The big feature of GraalVM is native image compilation. You can compile your Java application down to a single standalone native executable that starts in milliseconds and uses a fraction of the memory of a standard Java runtime. This is a game changer for serverless functions, CLI tools, and containerized microservices.
Teams that will benefit most from GraalVM:
- Teams building serverless applications on Lambda, Cloud Functions or similar
- Developers building command line tools with Java
- Teams looking to cut cloud infrastructure costs for microservices
- Anyone who wants to run Java without installing a separate runtime
GraalVM is 100% compatible with standard Java code for most use cases, though very rare legacy libraries may have issues. It also still gets all standard Java security updates and language features. For new projects, this is absolutely worth testing. Many teams report cutting their cloud hosting bills by 50% or more just by switching their runtime to GraalVM.
7. Liberica JDK
Liberica JDK is built by BellSoft, a smaller independent company focused entirely on Java runtimes. It flies under the radar for many teams, but it is one of the most polished and well supported distributions available today. It is also the only distribution that offers a full 12 years of free long term support for LTS Java versions, longer than any other option on this list.
Liberica also offers specialized builds for different use cases, including a tiny runtime for embedded devices, an optimized build for cloud containers, and a full desktop runtime with JavaFX included out of the box. If you need JavaFX for desktop applications, Liberica is almost always the best choice since most other distributions have dropped default JavaFX support.
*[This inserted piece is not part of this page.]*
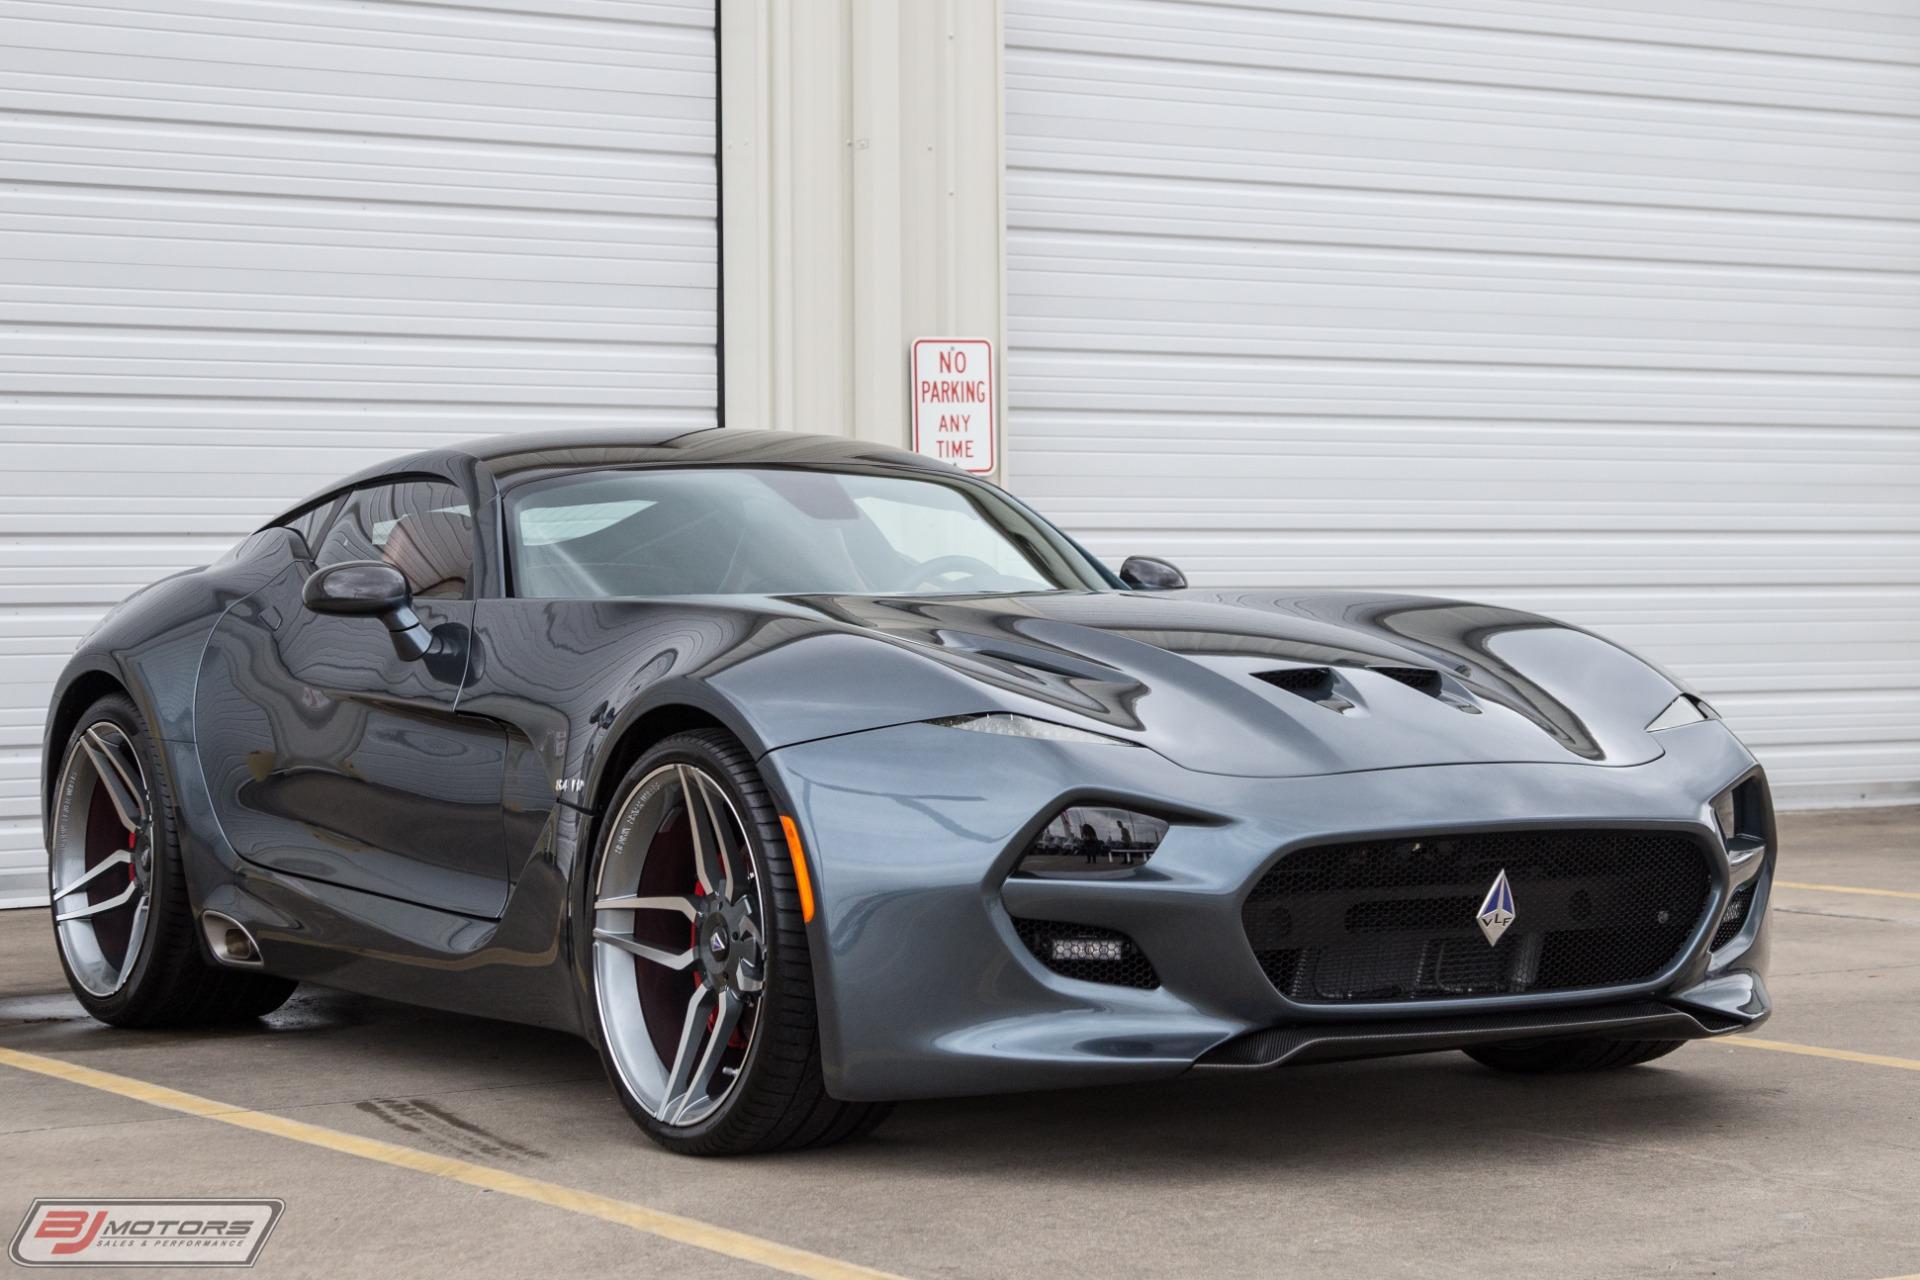 New-2018-VLF-Automotive-Force-1-V10

- 12 years free public support for all LTS versions
- Builds available for 30+ different hardware and operating system combinations
- JavaFX included by default with all standard distributions
- Flat monthly support pricing with no per user fees
BellSoft also offers very reasonable paid support plans, with direct access to the engineers that build the JDK. For teams that need to support a very old Java version for the next decade, or teams building cross platform desktop Java applications, Liberica is an excellent choice that doesn’t get nearly enough attention.
Every one of these 7 alternatives for Oracle Java is production ready, and there is no single perfect choice for every team. For most teams just starting their migration, you can’t go wrong with either Amazon Corretto or Eclipse Temurin as your default starting point. Test one runtime in a non production environment first, run your full test suite, and you will likely find that everything works exactly as it did before. Most teams complete their full migration from Oracle Java in less than two weeks with zero production issues.
Don’t wait for the next Oracle license audit or price increase to make the switch. Pick one option from this list that matches your team’s support needs, run a test deployment this week, and start saving money while getting better transparency and faster updates. If you have already migrated, share your experience with other teams—most developers still don’t realize how many great free alternatives are available today.